In message <4e955c94.3060...@cs.tcd.ie>
Stephen Farrell writes:
 
> On 10/12/2011 09:48 AM, Ole Troan wrote:
> >> I've been reading the list with interest and have a question.
> >>
> >> When various devices in the home figure out which does what,
> >> and do that periodically to handle changes, there's clearly
> >> the potential that a zombied host tries to try take over
> >> stuff with undesirable consequences.
> >>
> >> My question is whether this group are planning to think
> >> about that now, or later, or never? (Or don't even think
> >> there's a problem worth attempting to address.)
> >>
> >> Note - I'm not trying to argue for any particular level of
> >> security and certainly not for some unachievable fort knox
> >> everywhere, I'm just asking what's the plan?
> >
> > can we explore some fundamental principles of how and what we need to 
> > "secure"?
> >
> > using the electricity network as an analogy, can we make a distinction 
> > between "safety" and "security"?
> > the electricity network in the home is somewhat self protecting with 
> > breakers and earthing.
> > a home network must protect 'itself', i.e. handle any device plugged into 
> > it, in any topology, external and internal attacks
> > and so on.
> >
> > I don't think it is the networks job to control who has access to the 
> > pictures of my grandmother or who can print to my printer. that's 
> > application policy.
> >
> > is it the networks job to control who has access to the network? no, I 
> > think that is a layer 2 function.
> >
> > I think homenet should focus on L3. (and be clear on what it expects from 
> > the other layers with regards to security).
>  
> Reasonable points. However, if the zeroconf stuff provides an easy
> way for a bad device to take over the homenet and get everything
> interesting routed via it, that seems like a bad thing. That's
> really what I was asking about, not application layer security,
> nor layer 2 (though some layer 2 security can probably help a bit
> if its turned on).
>  
> Again, I'm not asking for some complex new scheme to be invented
> here, I'm just asking whether the group are planning to address
> this issue and roughly when. (In the hope that the answers are
> something close to "yes" and "as an integrated part of the work":-)
>  
> S.



You concern may boil down to.

  Should we be worried that Grandma is still running Windows 98?

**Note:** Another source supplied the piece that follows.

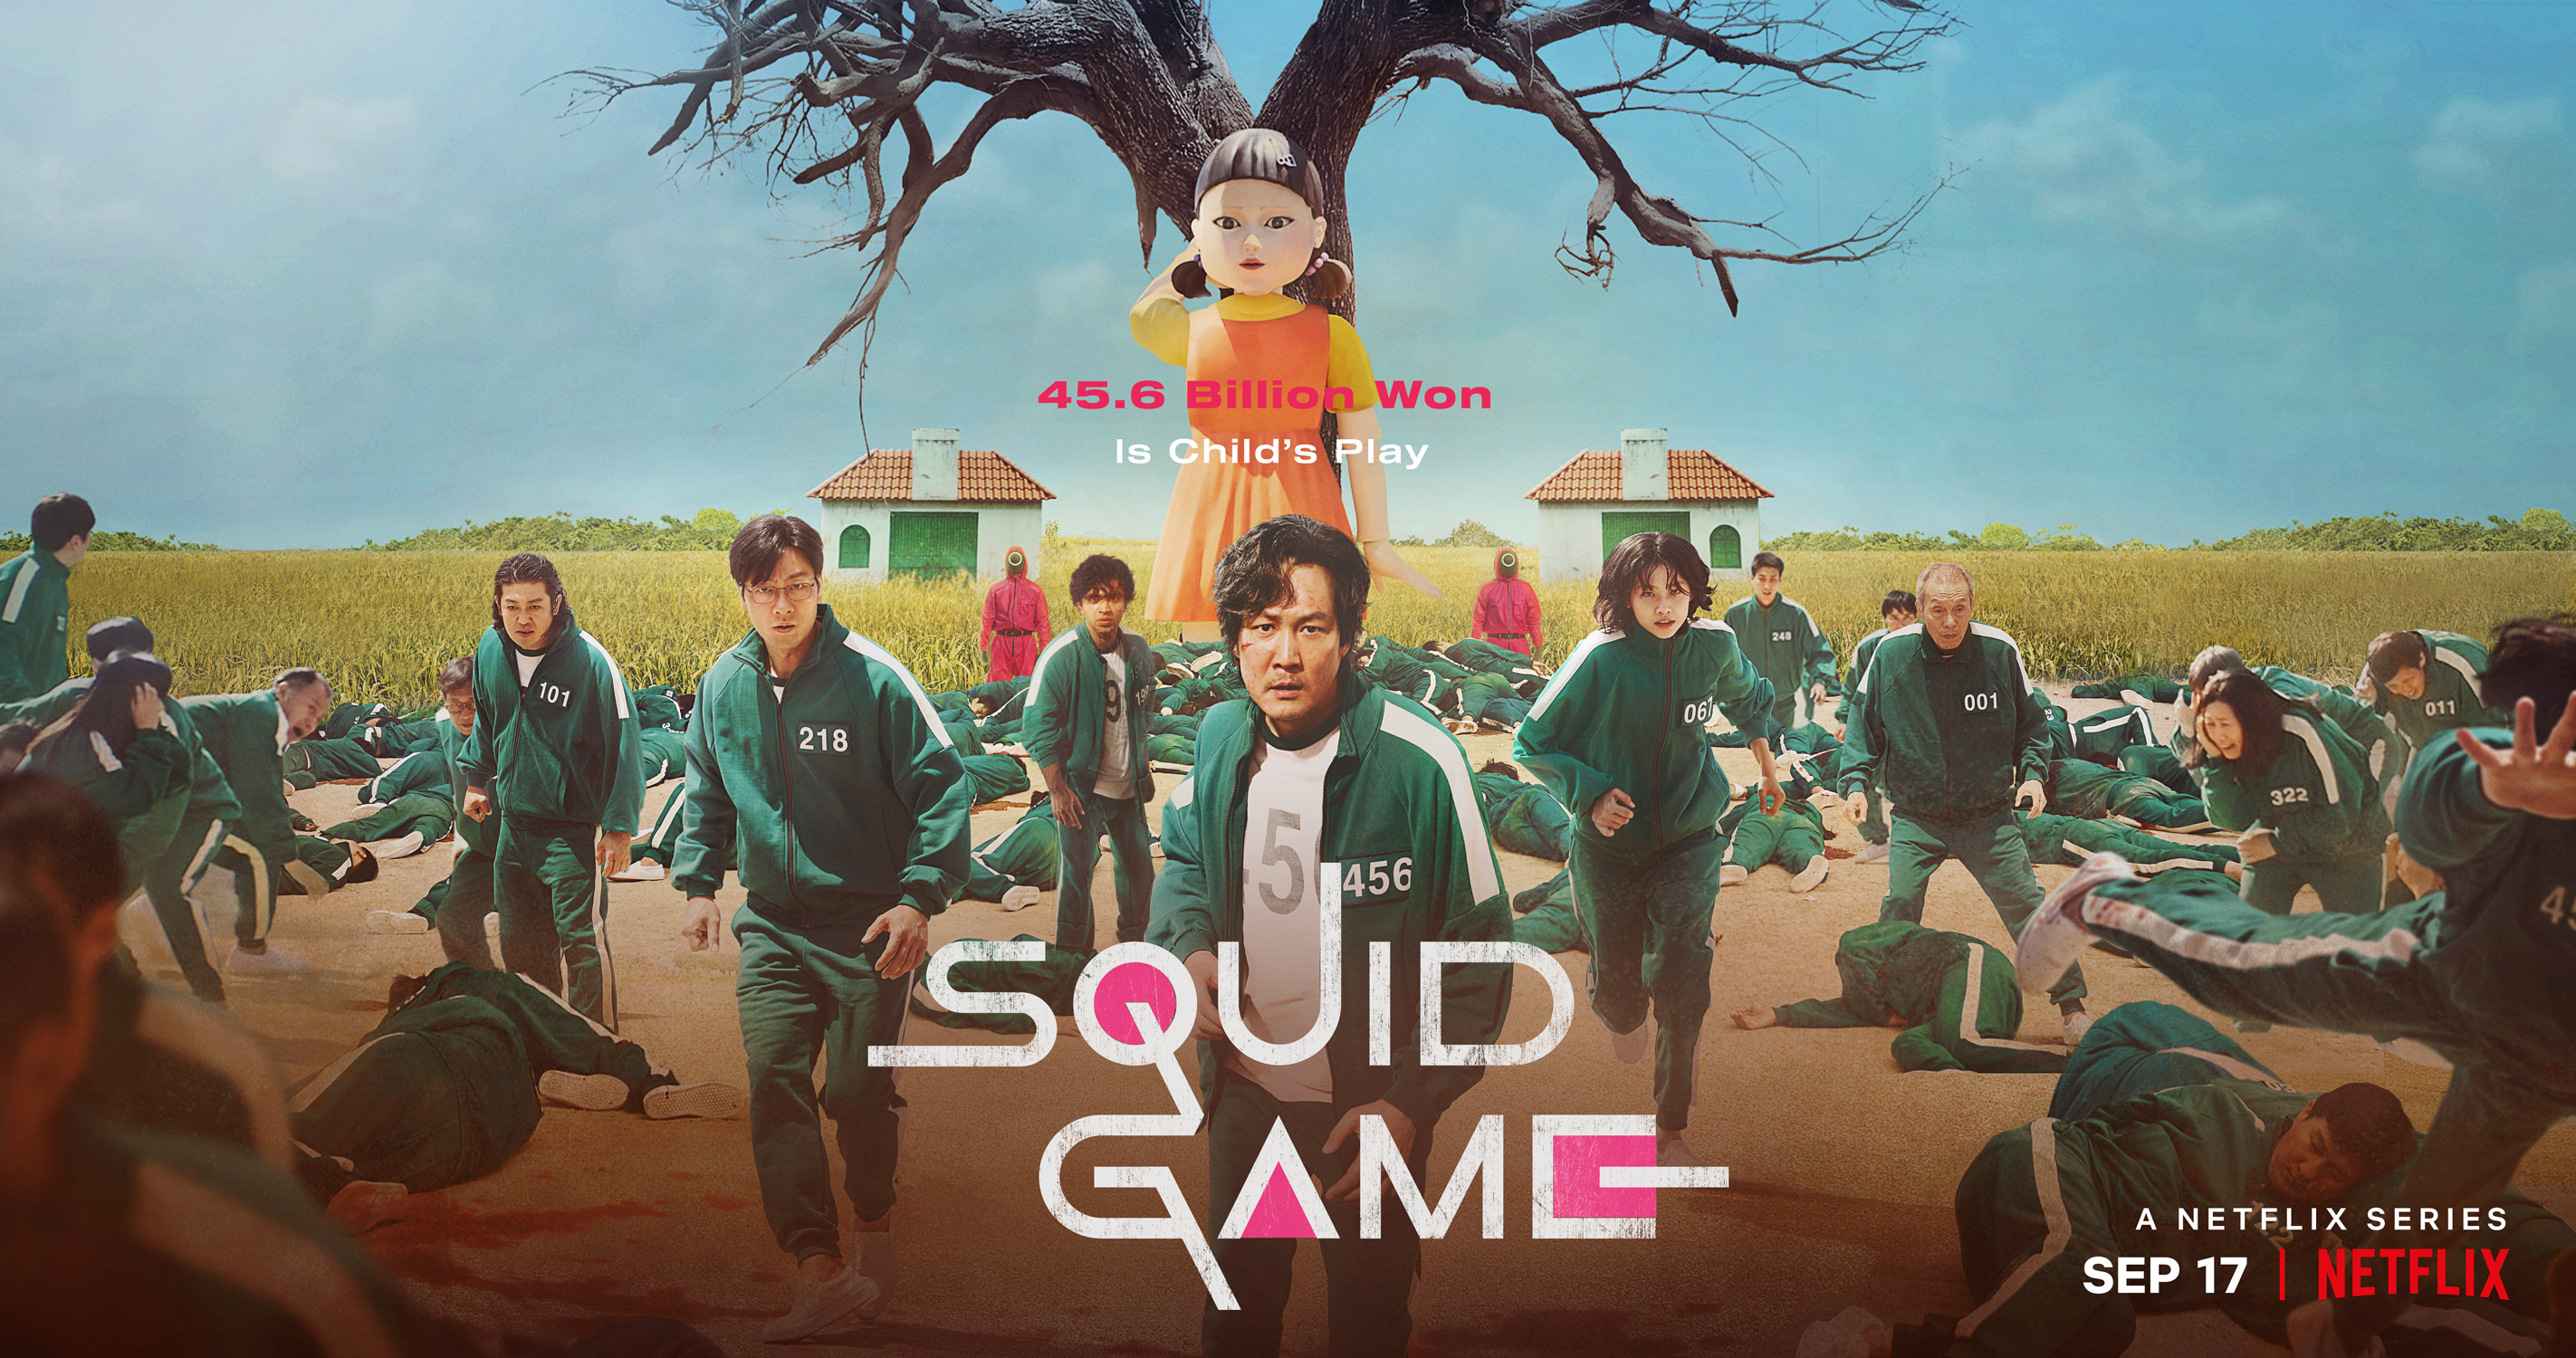 Netflix 'Squid Game' poster with players in green track suits in front of giant robotic doll

  [Or that the same company that gave us Windows 95 and 98 can't get
  their act together with security after being beat up about it for
  over a decade.]

Application layer security over a sound foundation is the right place
for security.  A practical consequence of horribly insecure OS code
from one major supplier for more than a decade is that firewall
functionality is also more than just nice to have in enterprise and
home network equipment.

OTOH - If the PC user runs flash for example, there is no way the
network can protect them from the myriad of security holes that keep
popping up and getting fixed all too slowly.  ... and then there are
the discount brokerages that run flash on their web sites insuring
that their users will have flash installed and enabled and probably
won't disable it when going elsewhere on the web.  [oh well].

The network cannot protect the world from really bad application (or
OS) programmers.  Recognizing this may be a first step to solving it
the right way - with a robust OS and more secure applications.